Figure 4. — Downregulation of JAM-A expression reverses the accelerated migration of Ykt6-depleted epithelial cells.

DU145 cells were co-transfected with one of the following siRNA pairs: control-control, control-Ykt6 D1, control-JAM-A, and Ykt6 D1-JAM-A. (a) Expression of Ykt6 and JAM-A in total cell lysates was determined on day 4 post-transfection. Cell motility was examined by using wound healing (**b,c**) and Matrigel invasion (**d,e**) assays. Data are presented as mean ± SE (n = 3); *P < 0.01. Scale bars, 200 µm.

Figure 5. — Pharmacological inhibition of Rap1 GTPase attenuates the accelerated motility of Ykt6-depleted epithelial cells.

DU145 cells were transfected with either control or Ykt6 siRNAs (D1 and D3 for the Rap1 activation assay and D1 for the functional studies). (a) The amount of active and total Rap1 was determined in total cell lysates on day 4 post-transfection. Numbers indicate the average values for the active Rap1 relative expression calculated from 3 independent experiments. The effects of pharmacological Rap1 inhibitor (CE3F4, 50 µM) on cell motility were determined using wound closure (**b,c**) and Matrigel invasion (**d,e**) assays. Data are presented as mean ± SE (n = 3); **P ≤ 0.05; *P ≤ 0.01; ^# P ≤ 0.001. Scale bars, 200 µm.

Figure 6. — Downregulation of Rap1 expression reverses the accelerated migration of Ykt6-depleted epithelial cells.

DU145 cells were co-transfected with one of the following siRNA pairs: control-control, control-Ykt6 D1, control-Rap1, and Ykt6 D1-Rap1. (a) The expression of Ykt6, Rap1 and JAM-A in total cell lysates was determined on day 4 post-transfection. Cell motility was examined using wound healing (**b,c**) and Matrigel invasion (**d,e**) assays. Data are presented as mean ± SE (n = 3); *P < 0.01. Scale bars, 200 µm.

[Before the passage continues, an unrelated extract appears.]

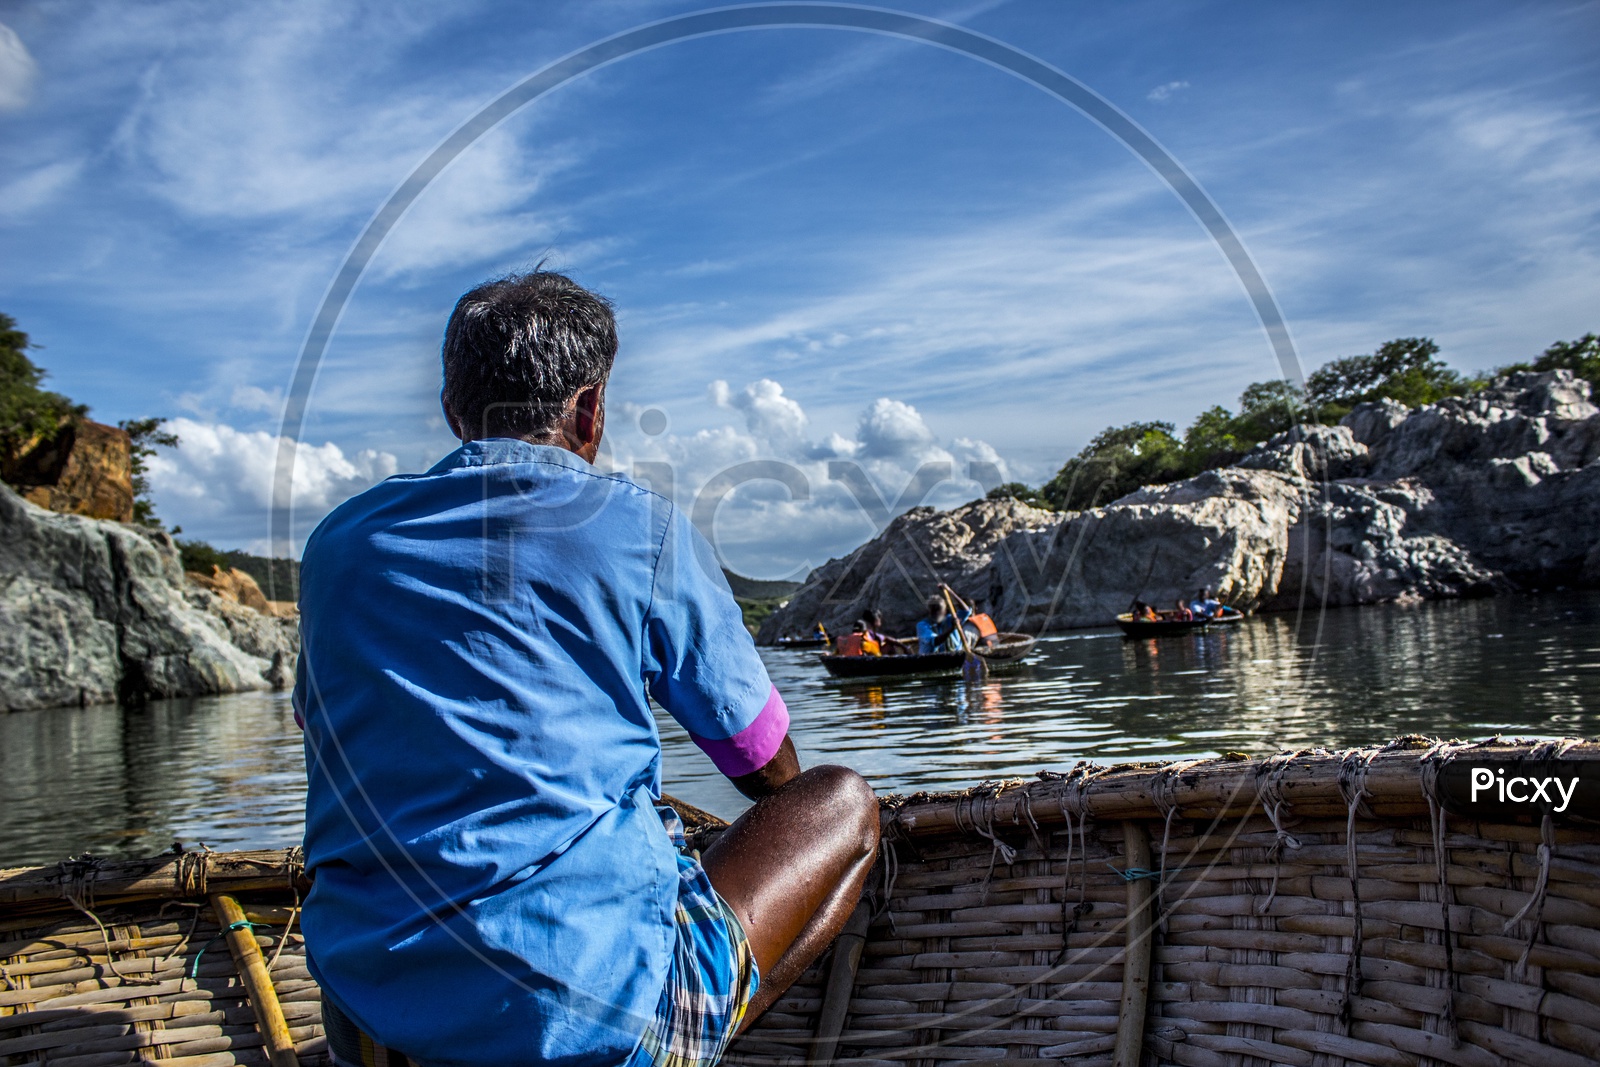 The Driver of the round boat in Hogenakkal  waterfall, Tamilnadu, India
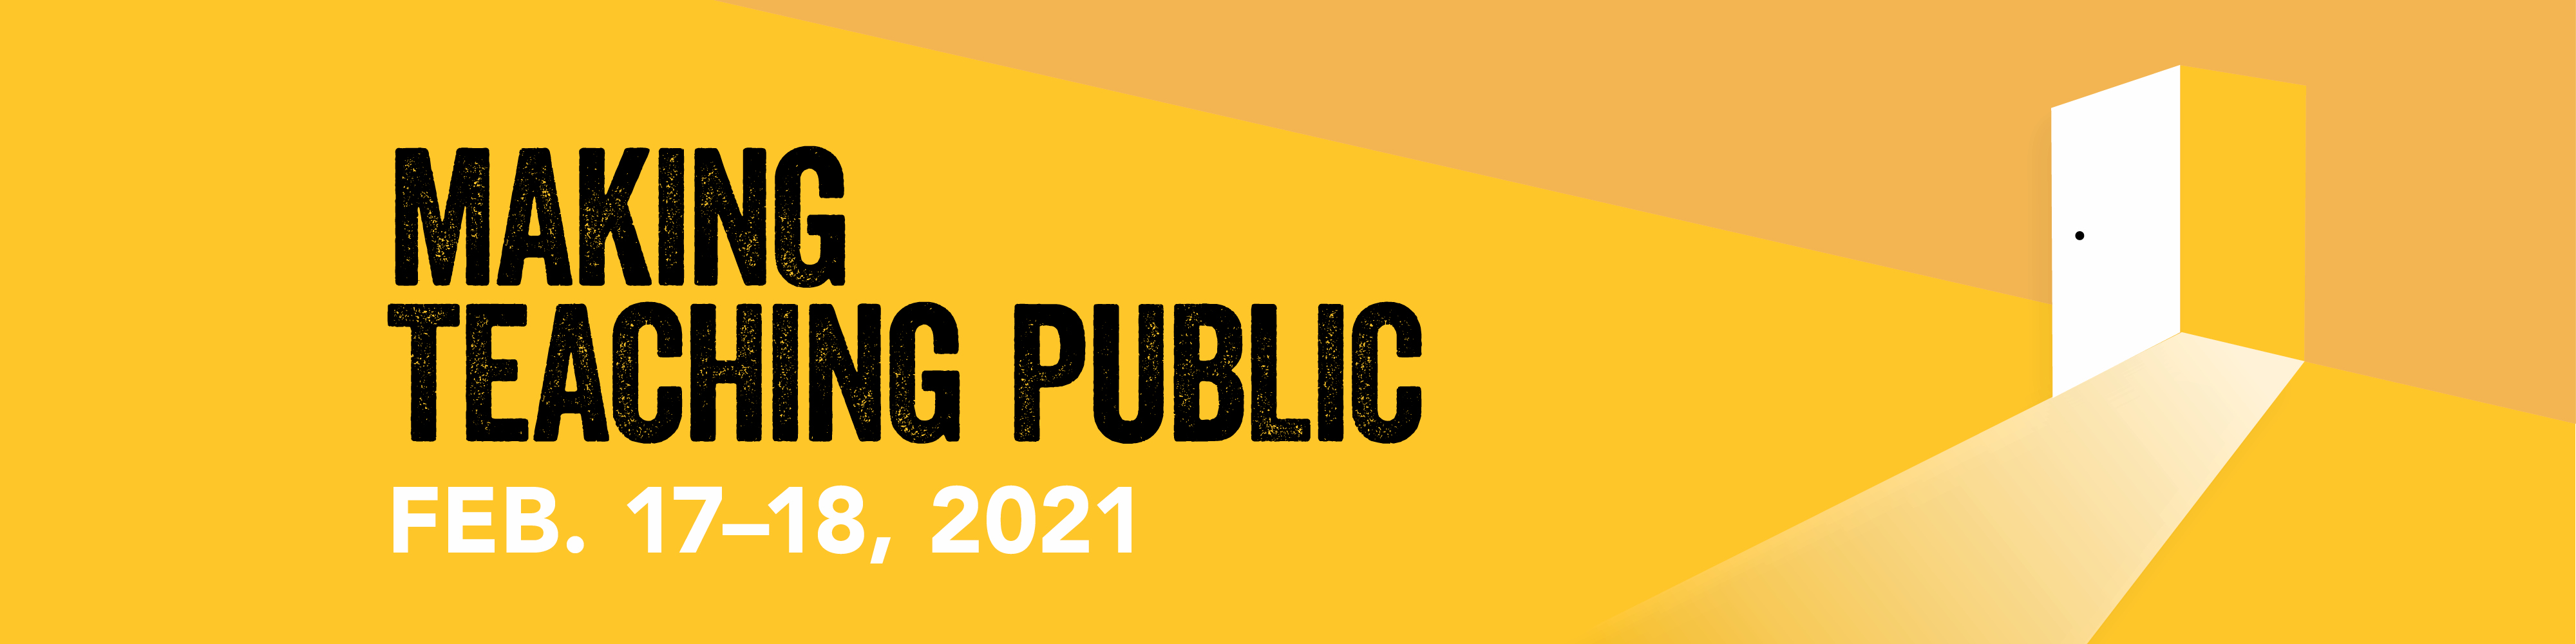 Making Teaching Public. Feb. 17-18 2021. Image: Yellow background with a door opening.

Ykt6 knockdown accelerated epithelial cell motility by activating rap1 and rac1 small GTPases

The next series of experiments was designed to elucidate the down-stream signaling events by which upregulated JAM-A could drive the motility of Ykt6-depleted epithelial cells. Since activation of Rap1 small GTPase was found to be a crucial mediator of the promigratory activity of JAM-A [38,40,41], we sought to investigate if this mechanism also plays a role in our experimental system. A biochemical pull-down assay demonstrated more than 3 fold increase in the amount of active Rap1 in DU145 cells transfected with Ykt6 siRNA D1 and D3, respectively, as compared to control cells (Figure 5(a)). Consistently, pharmacological activation of Rap1 with 8-pCTP-2-O-Me-cAMP-AM promoted wound healing in control DU145 cell monolayers (data not shown). Exposure of either control or Ykt-6 depleted DU145 cells to a specific pharmacological Rap1 inhibitor, CE3F4 (50 µM) [42], significantly attenuated their wound healing (Figure 5(b,c)) and Matrigel invasion (Figure 5(d,e)). Importantly, the Rap1 inhibitor significantly decreased the magnitude of accelerated wound healing in Ykt6-depleted cells as compared to the vehicle-treated cells (from ~ 94% to 50%) and completely blocked the increased cell invasion caused by Ykt6 knockdown (Figure 5). Consistently with these pharmacological inhibition data, a simultaneous siRNA-mediated knockdown of Ykt6 and Rap1 in DU154 cells also reversed the accelerated wound closure (Figure 6(a-c)) and Matrigel invasion (Figure 6(d,e)) of Ykt6-deficient cells. siRNA-mediated knockdown of Rap1 did not prevent the upregulation of JAM-A expression following Ykt6 depletion (Figure 6(a)), which places Rap1 activation downstream of JAM-A upregulation under these experimental conditions.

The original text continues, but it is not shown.